Seminar on WATER MANAGEMENT
Posted On : 23rd December 2011

Benjamin Franklin has said that "When the well is dry, we know the worth of water". 255 years after his mention, not only do we understand, but we are also perilously close to experiencing the true implications of "World Without Water" - WWW and this is very much relevant for survival of chemical industry for which water is main input and its continuous adequate supply is very much essential in running the chemical plants.

ICC gives prime importance to Water Management and Conservation in Chemical industry and has instituted an Award for this purpose. ICC receives nominations in good numbers for this Award every year. The responsible members of the chemical industry are taking steps in optimizing of water use and they have also initiated integrated water management initiatives and also application of new technologies.

To bring this burning issue of availability of water at competitive price for the industry and chemical industry particular, ICC has, under the auspices of Technology & Energy Expert Committee, organized a Two-day Seminar on "WATER MANAGEMENT" on 16-17 December 2011 at Hotel Vivanta By Taj - President, Cuffe Parade, Mumbai.


Mr. Yogesh M. Kothari, Vice President, ICC welcoming Dr. Mihir Shah with a bouquet of Flowers.

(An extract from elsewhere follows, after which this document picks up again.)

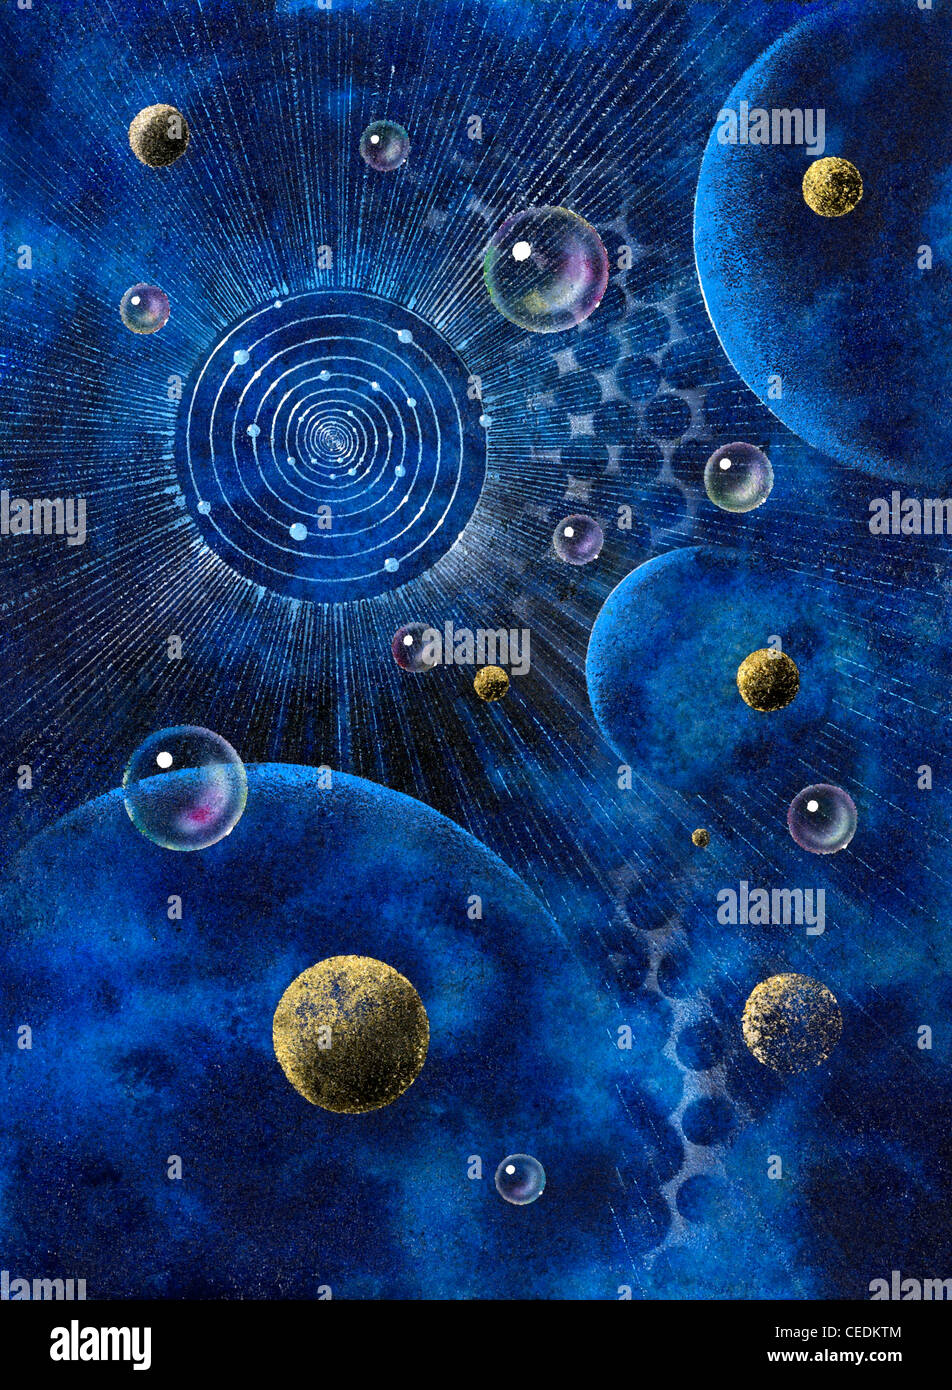 Cuadro pintado por mí, llamado 'Corona', que muestra una estructura similar a la corona, planetas y burbujas en azul espaciosos atrás Foto de stock

Dr. Mihir Shah, Member, Planning Commission, Government of India was the Chief Guest and delivered the keynote address.

Dr. Mihir Shah is an eminent economist having long standing experience in Water Conservation and Water Management in India. He was invited by Hon'ble Prime Minister of India Dr. Manmohan Singh to join the Planning Commission and currently he is involved in preparing the 12th Five Year Plan Policy Document.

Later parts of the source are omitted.